Corporations spend millions of dollars on developing creative image-based promotional content to advertise to their user-base on platforms like Twitter. Our paper is an initial study, where we propose a novel method to evaluate and improve outreach of promotional images from corporations on Twitter, based purely on their describable aesthetic attributes.

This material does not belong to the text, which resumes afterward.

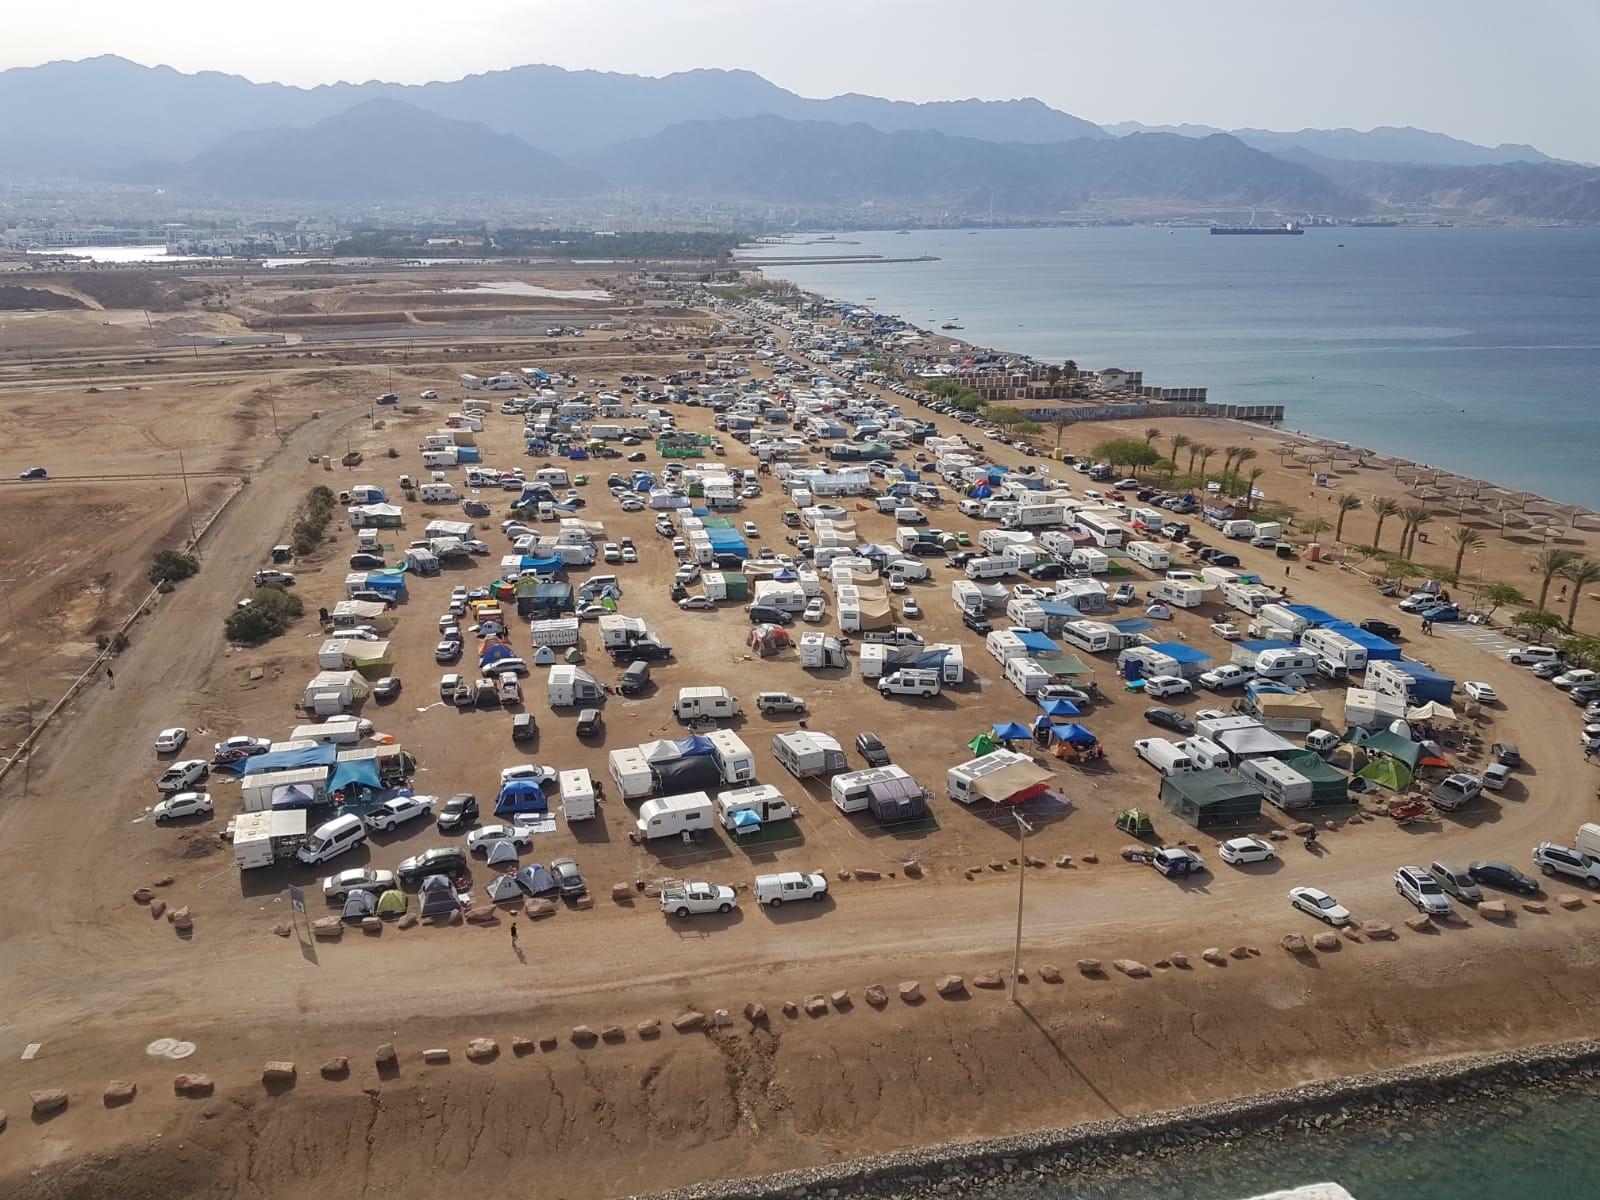 עיריית אילת מזהירה: אסורה לינה בשטחים פתוחים ועל חוף הים

Existing works in aesthetic based image analysis exclusively focus on the attributes of digital photographs, and are not applicable to advertisements due to the influences of inherent content and context based biases on outreach. Our paper identifies broad categories of biases affecting such images, describes a method for normalization to eliminate effects of those biases and score images based on their outreach, and examines the effects of certain handcrafted describable aesthetic features on image outreach. Optimizing on the describable aesthetic features resulting from this research is a simple method for corporations to complement their existing marketing strategy to gain significant improvement in user engagement on social media for promotional images.